There appeared at that time the following persons:
PARTIES IN INTEREST:
Petitioner:
—
Respondent:
Department of Health Services
1 West Wilson Street, Room 651
Madison, WI 53703
By: A. Butzbaugh—Progressive Community Services
Bureau of Long-Term Support
PO Box 7851
Madison, WI 53707-7851
ADMINISTRATIVE LAW JUDGE:
John Tedesco
Division of Hearings and Appeals
Findings of Fact
- Petitioner (CARES # —) is a resident of Dane County.
- Petitioner has been enrolled in IRIS with services provided through Progressive Community Services since May 2023.

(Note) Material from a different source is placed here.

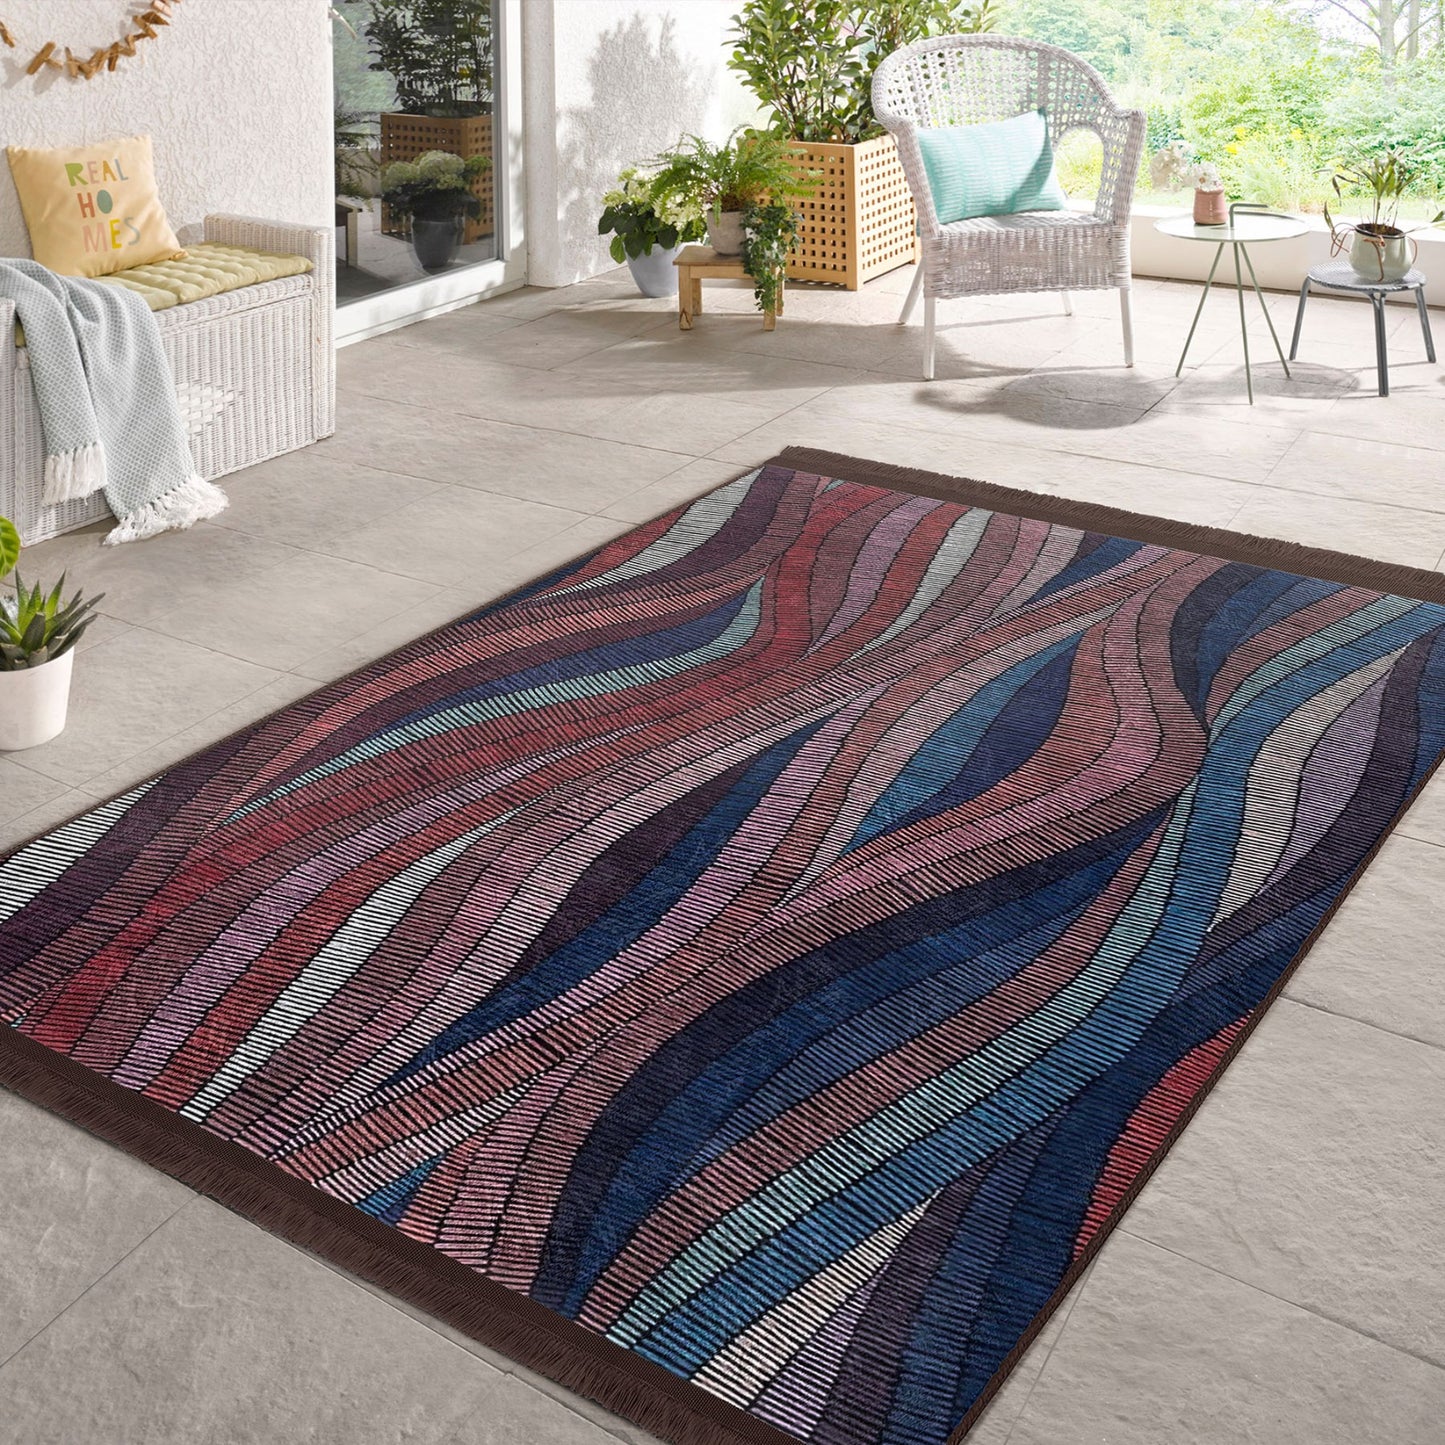 Wave Patterned Area Rug for a Stylish and Relaxing Interior

- Petitioner’s current behavior support plan has not been approved by DHS or the IRIS program. That plan indicates that staff are to call 911 when “de-escalation strategies are not effective. Staff are then directed to leave the house and get into their car if — begins to hit them. Staff are also directed to monitor him from a safe distance…”
- In October 2024, the IRIS agency deemed this plan unsafe and directed petitioner to engage a behavior support plan specialist to complete as acceptable plan.
- That has not been completed.
- The IRIS program acted to disenroll petitioner from IRIS due to the potential application of restrictive measures with no behavioral support plan in place. The agency sent notice on 2/26/25 to petitioner informing him that he would be disenrolled effect 3/18/25.
- As of the hearing date an alternative plan had still not been developed or submitted to DHS for approval.
Discussion
The Include, Respect, I Self-Direct (IRIS) program was developed pursuant to a Medical Assistance waiver obtained by the State of Wisconsin, pursuant to section 6087 of the Deficit Reduction Act of 2005 (DRA), and section 1915(j) of the Social Security Act. IRIS is a fee-for-service, self-directed personal care program.
The federal government has promulgated 42 C.F.R. §441.450 – .484 to provide general guidance for this program. Those regulations require that the Department’s agent must assess the participant’s needs and preferences, and then develop a service plan based on the assessed needs. Id., §441.466. The service plan may include personal care and homemaker services. Id., §440.180(b). The program is designed to allow great flexibility in self-direction by petitioner and petitioner’s representatives. The agency is much less involved in day to day operation compared to the Family Care Program.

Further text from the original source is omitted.